Широко открытые глаза. В них — чистейшая, незамутненная злость. Она привыкла, что стоит ей бровью повести — и любой «шарик» из её окружения начинает прыгать на задних лапках, вилять хвостом и заглядывать в рот. А тут — осечка. Шарик не просто не прыгает. Он смотрит на неё как на прочитанную газету. Уже без интереса к тексту, просто по привычке держит в руках.
— Хотя не продолжай, я сам скажу, — я прервал её замах на очередную колкость. — Поругались? Правильно?

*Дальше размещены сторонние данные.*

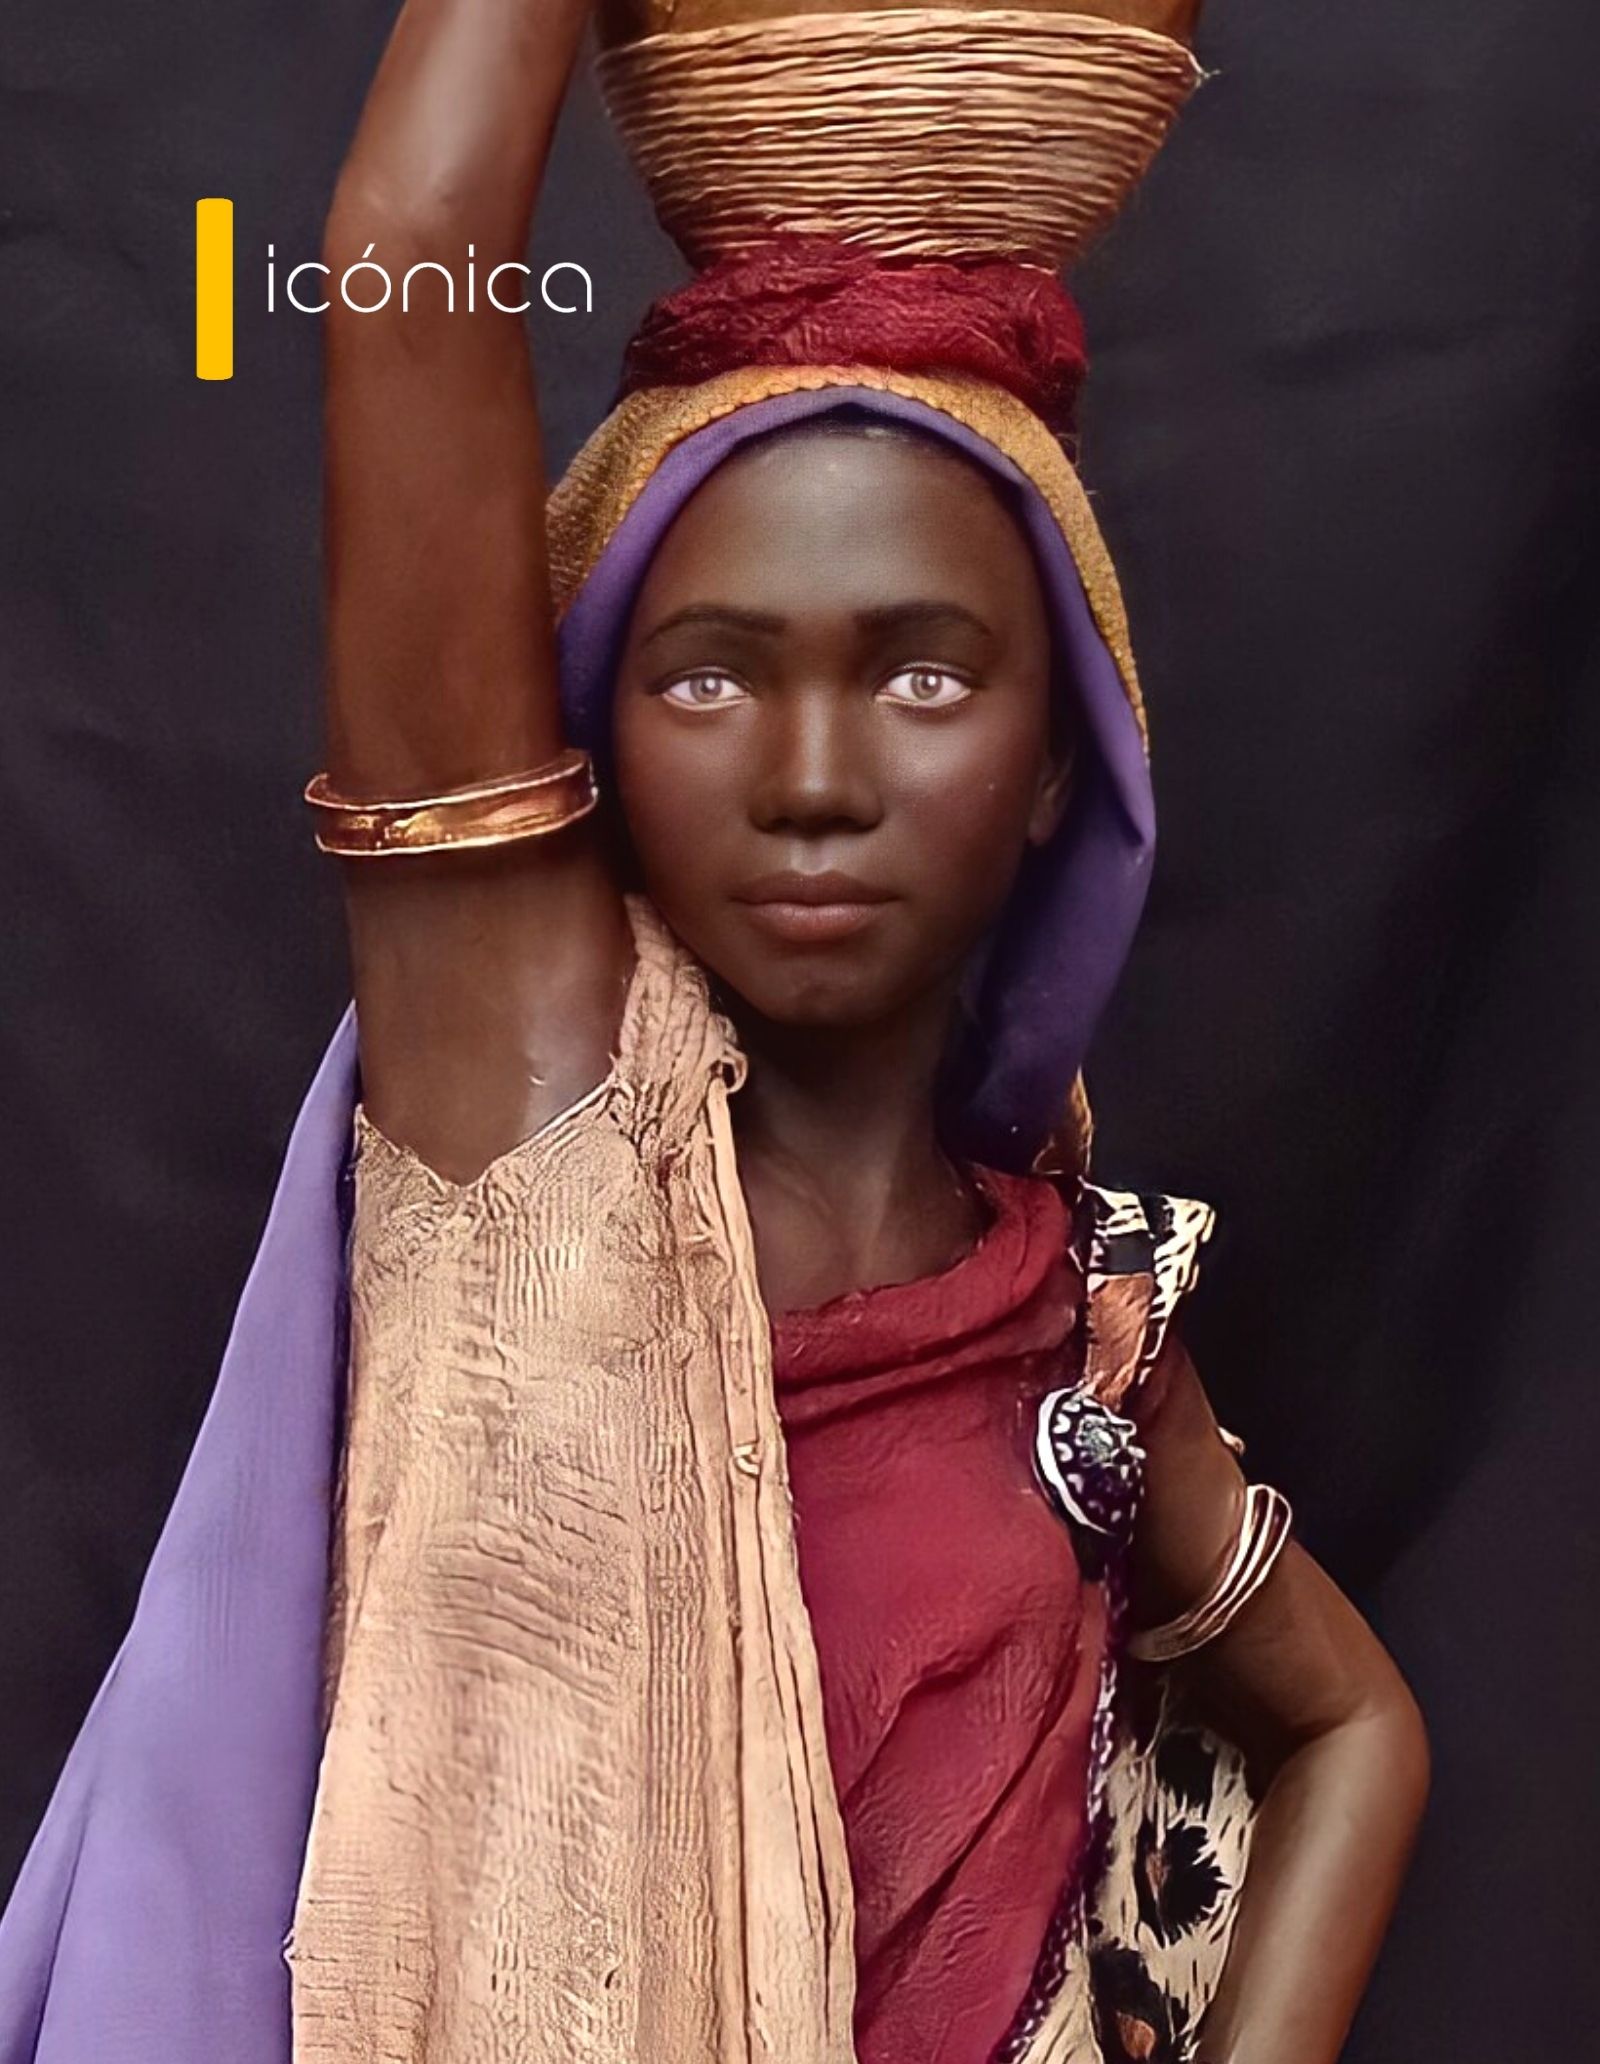 Pastora africana con cántara en la cabeza (2021). 35cm. Córdoba.

Она замерла, не донеся руку до волос.
— Нет, не так. — Я читал её как открытую книгу — не потому что умный, а потому что уже видел такое. Слишком много раз. — Он давит. Требует не ходить в мини, сидеть дома, отчитываться за каждый шаг. Хочет сделать из тебя ручную куклу под стать своему статусу «первого парня на деревне». Чтоб была рядом, блестела, молчала и не задавала лишних вопросов.
Лена закусила губу.
Весь этот напускной лоск «королевы Марго» сполз с неё — медленно, как штукатурка со старой стены. Я попал в самую точку. Только мне от этого не легче. Теперь я вижу перед собой не опасную манипулятора, а обыкновенную, запутавшуюся девчонку, которая прибежала ко мне просто потому, что я единственный, кто не боится её и не пускает на неё слюни.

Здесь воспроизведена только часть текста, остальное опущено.